# Gradient Descent GP Selection

A Python notebook regarding Gaussian Processes based primarily on two pre-prints: *Computation-Aware Gaussian Processes* and *Approximation-Aware Bayesian Optimization*

In [2]:
import math
import matplotlib.pyplot as plt
import numpy as np
import torch

try:
    import jaxtyping
except ImportError:
    %pip install jaxtyping

from typing import Optional
# Type hints are strictly optional, but personally I find that they make code more reasonable

from jaxtyping import Float, Integer
# This package allows type annotations that include the size of torch Tensors/numpy arrays
# It's not necessary, but it helps with understanding what each function does

from torch import Tensor

%matplotlib inline

# Set DTYPE and DEVICE variables for torch tensors
DTYPE = torch.float32
DEVICE = torch.device("cuda") if torch.cuda.is_available() else torch.device("cpu")

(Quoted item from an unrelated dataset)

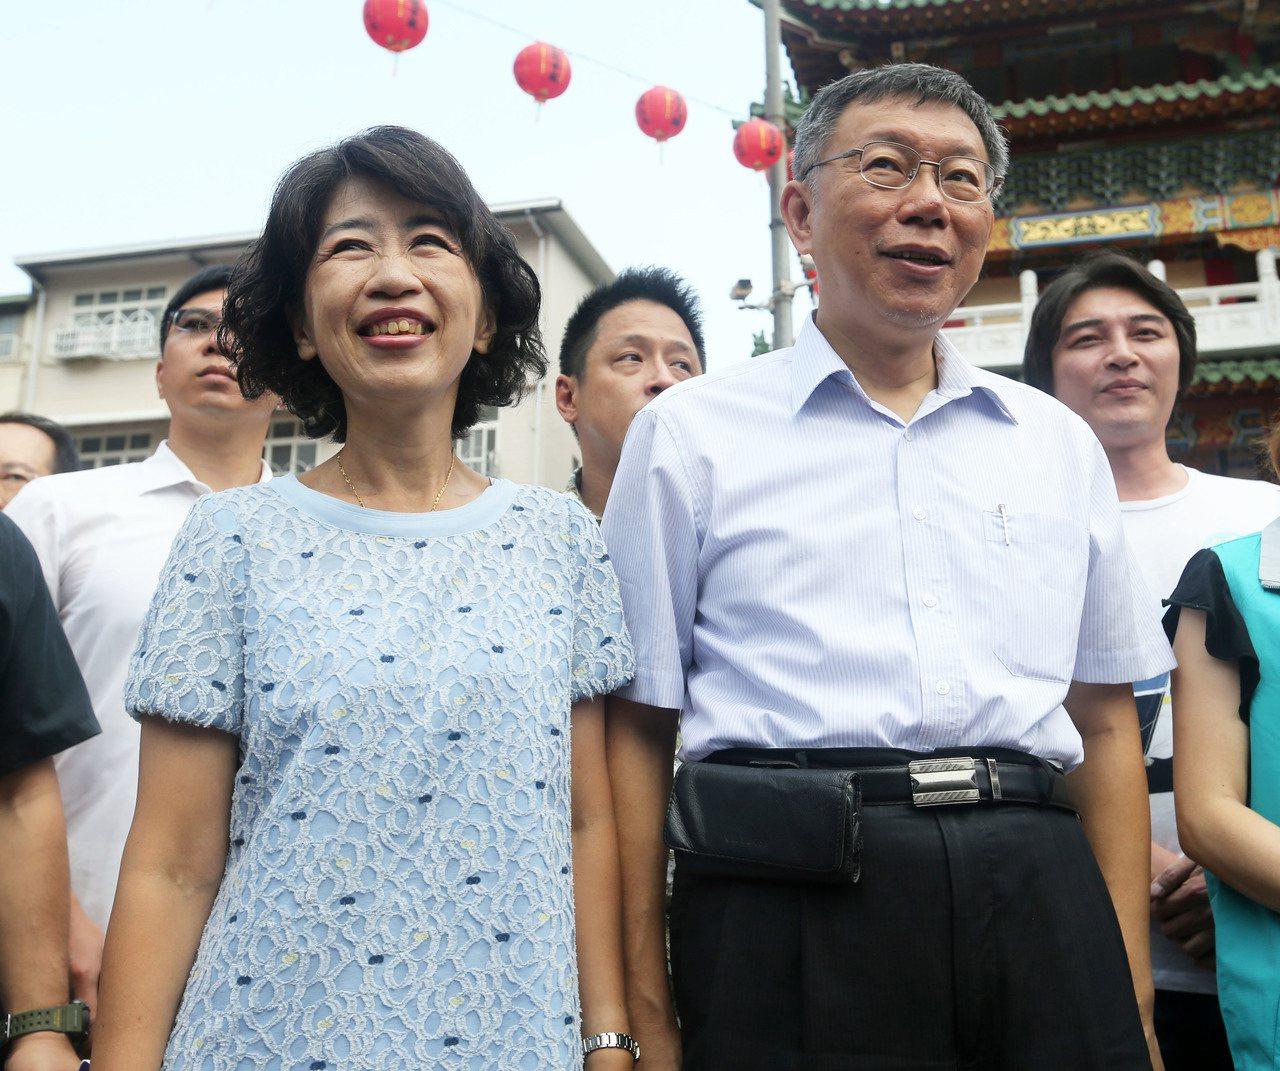 台北市長柯文哲(前右)今天偕同太太陳佩琪(前左)走訪高雄。記者劉學聖/攝影

# Set a seed (for reproducibility)
torch.manual_seed(2024)

<torch._C.Generator at 0x2353f7e3030>

Initially, we have some existing dataset $\mathcal{D}_{0} = \{(x_{i}, y_{i})\}_{i=1}^{n}$, with $x_{i} \in \mathbb{R}^{d}, y_{i} \in \mathbb{R}$. Equivalently, we let $\mathcal{D}_{0} = (\mathbf{X}, \mathbf{y})$, with $\mathbf{X} \in \mathbb{R}^{n \times d}, \mathbf{y} \in \mathbb{R}^{n}$. 

We want to use Gaussian Process regression to perform Bayesian optimization to find $x^{*} = \arg\max_{\mathbb{R}^{d}}f(\cdot)$, for the unknown objective function $f(\cdot): \mathbb{R}^{d} \to \mathbb{R}$.

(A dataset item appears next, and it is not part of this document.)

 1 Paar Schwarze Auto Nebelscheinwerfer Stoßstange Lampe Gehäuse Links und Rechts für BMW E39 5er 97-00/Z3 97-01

Unfortunately, the standard `BayesOpt` formulation has $\mathcal{O}(n^3)$ time complexity, as the "proper" mathematical formulation requires a matrix inversion. To reduce the computational complexity, we include an "action matrix" $\mathbf{S} \in \mathbb{R}^{n \times k}$ for $k \ll n$, which yields $\mathcal{O}(n^2{k})$ time complexity.

In [None]:
def mu(X: Float[Tensor, "N D"]) -> Float[Tensor, "N"]:
    r"""
    Computes the (very lame) zero mean function mu(X) = 0
    """

    return torch.zeros(*X.shape[:-1], dtype=X.dtype, device=X.device)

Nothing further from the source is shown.